##### The data #####

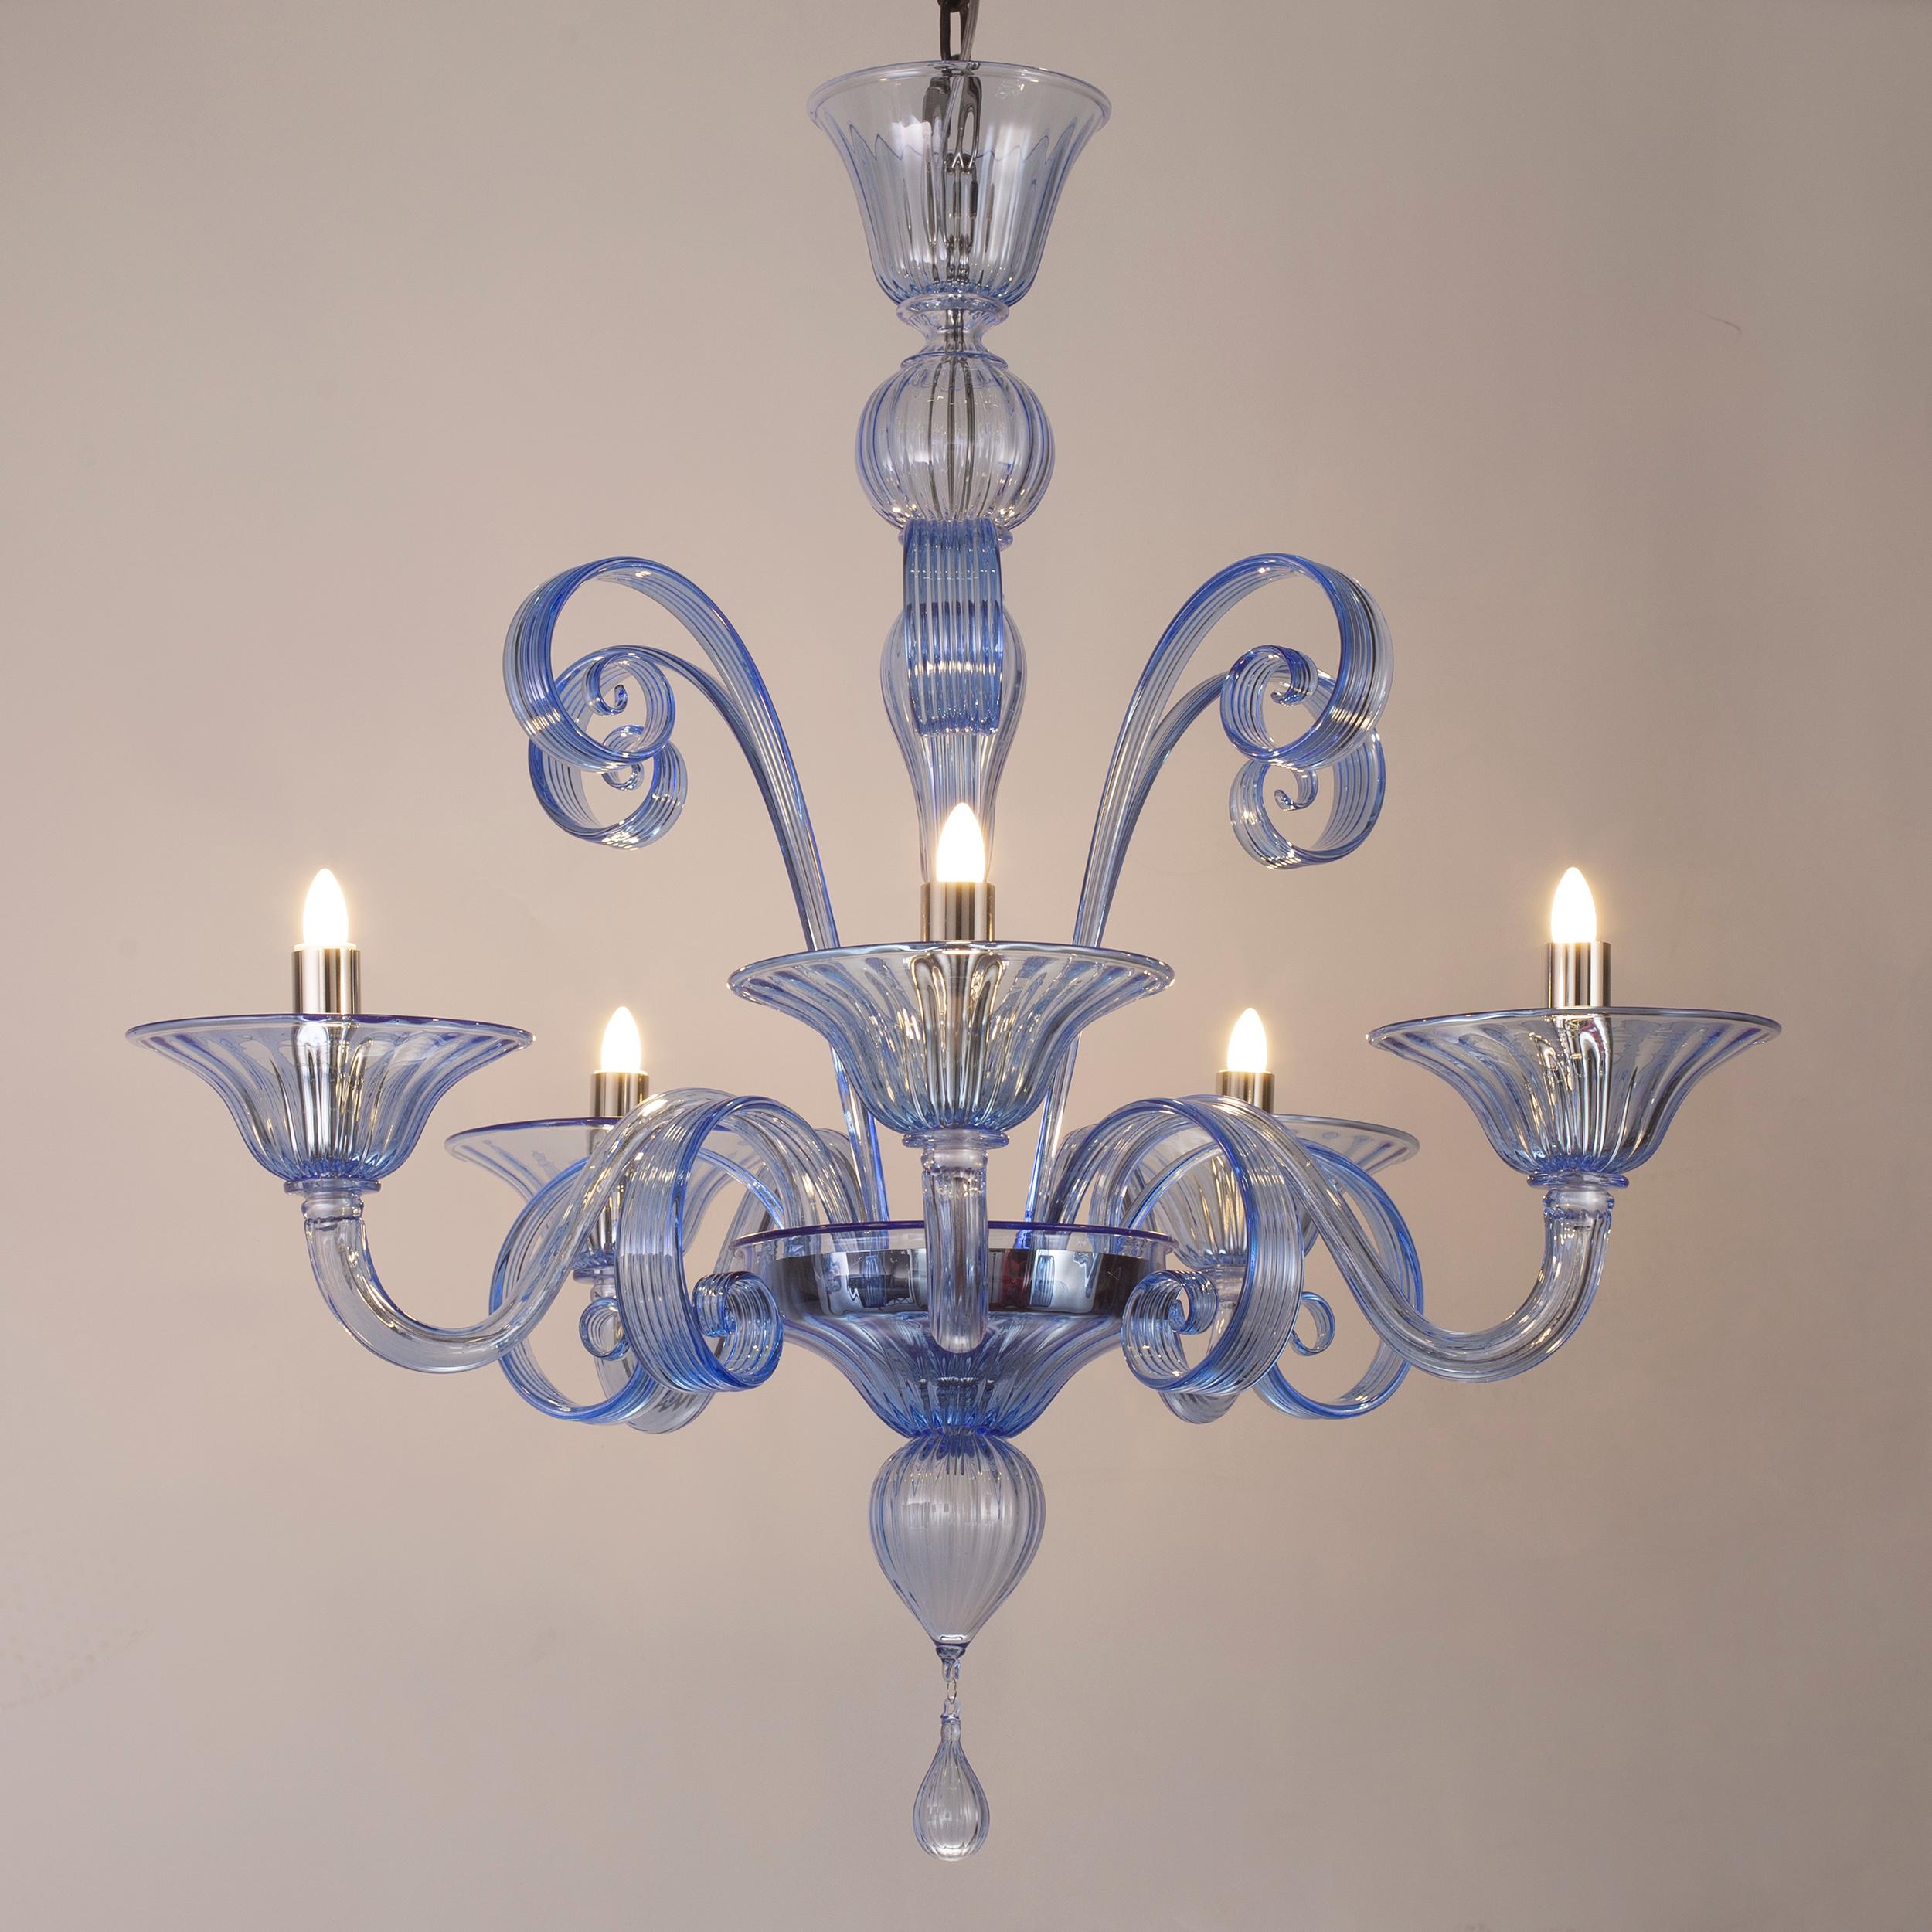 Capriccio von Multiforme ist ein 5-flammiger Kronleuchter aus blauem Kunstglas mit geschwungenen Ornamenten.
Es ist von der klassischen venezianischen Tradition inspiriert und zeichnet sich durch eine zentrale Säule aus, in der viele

#####
##### The data #####

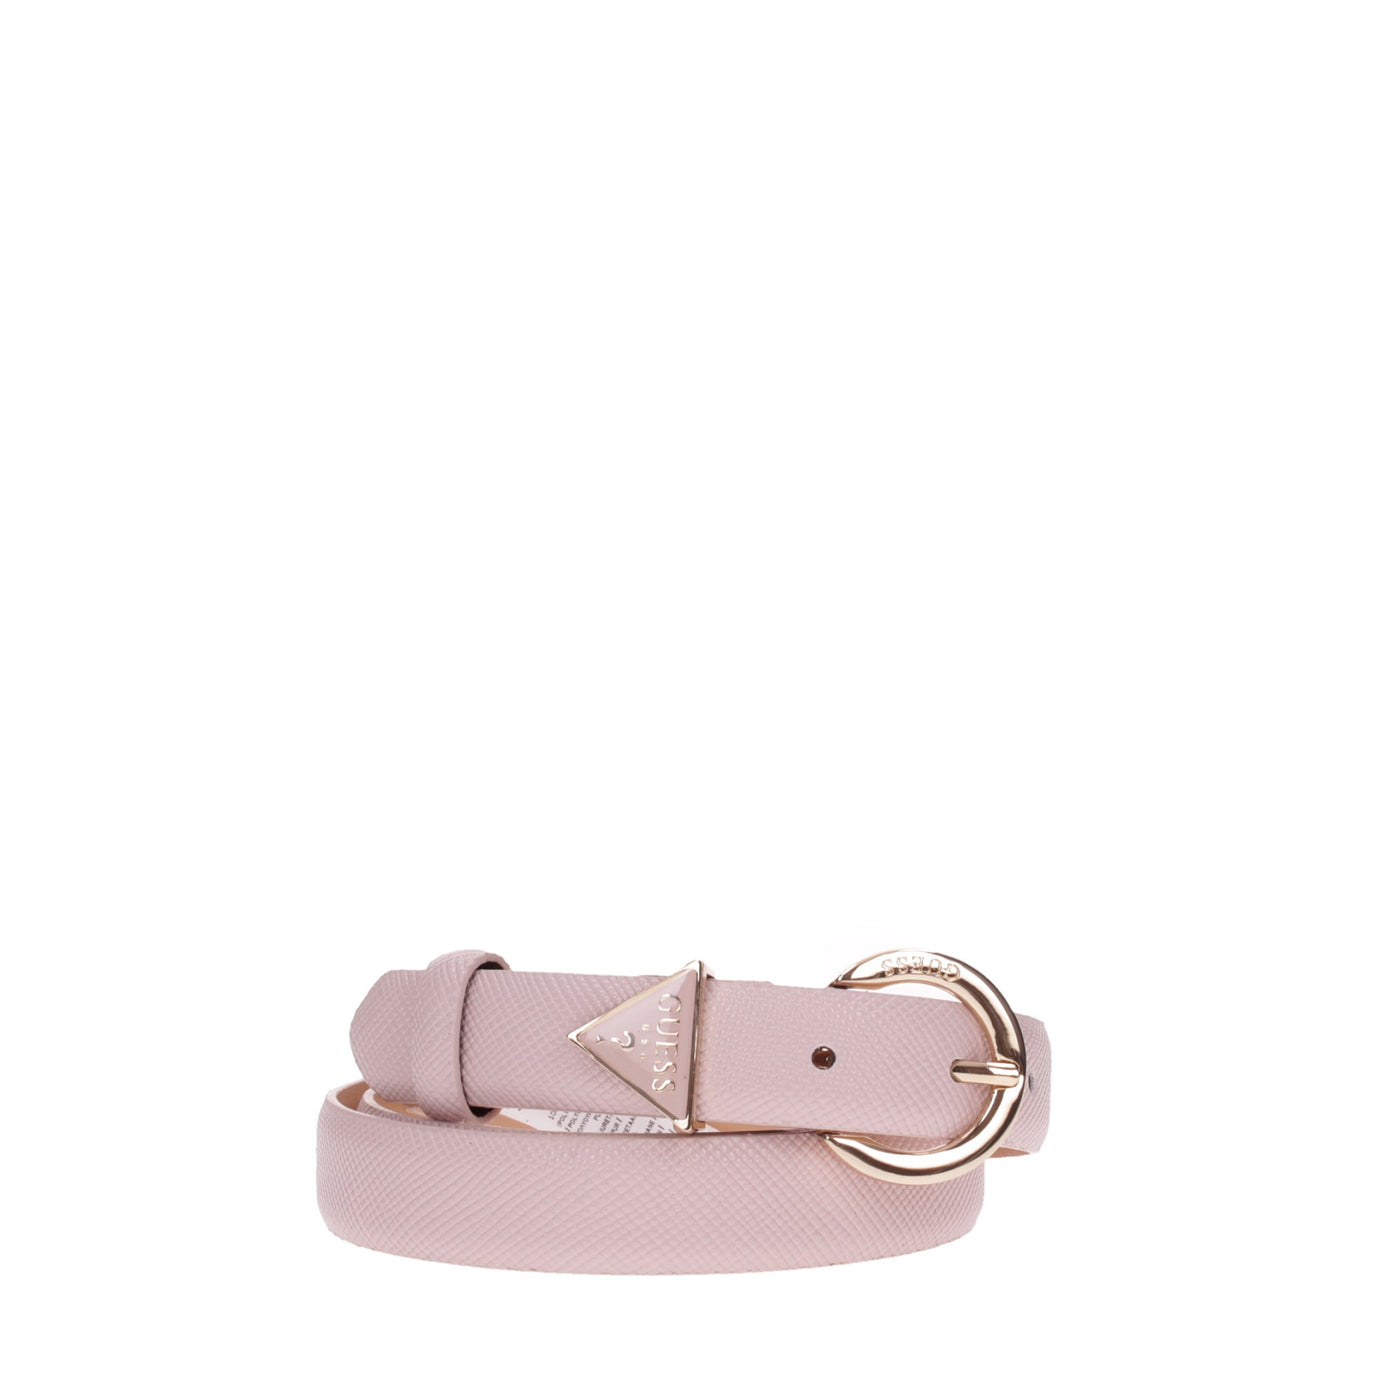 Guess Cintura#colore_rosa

#####

What you will do » Write out word for word the lines of the listing above from the line with "Capriccio von Multiforme" to the line with "Es ist von der", taking in both of those lines but no pictures.

Exercise response »
 Capriccio von Multiforme ist ein 5-flammiger Kronleuchter aus blauem Kunstglas mit geschwungenen Ornamenten.
Es ist von der klassischen venezianischen Tradition inspiriert und zeichnet sich durch eine zentrale Säule aus, in der viele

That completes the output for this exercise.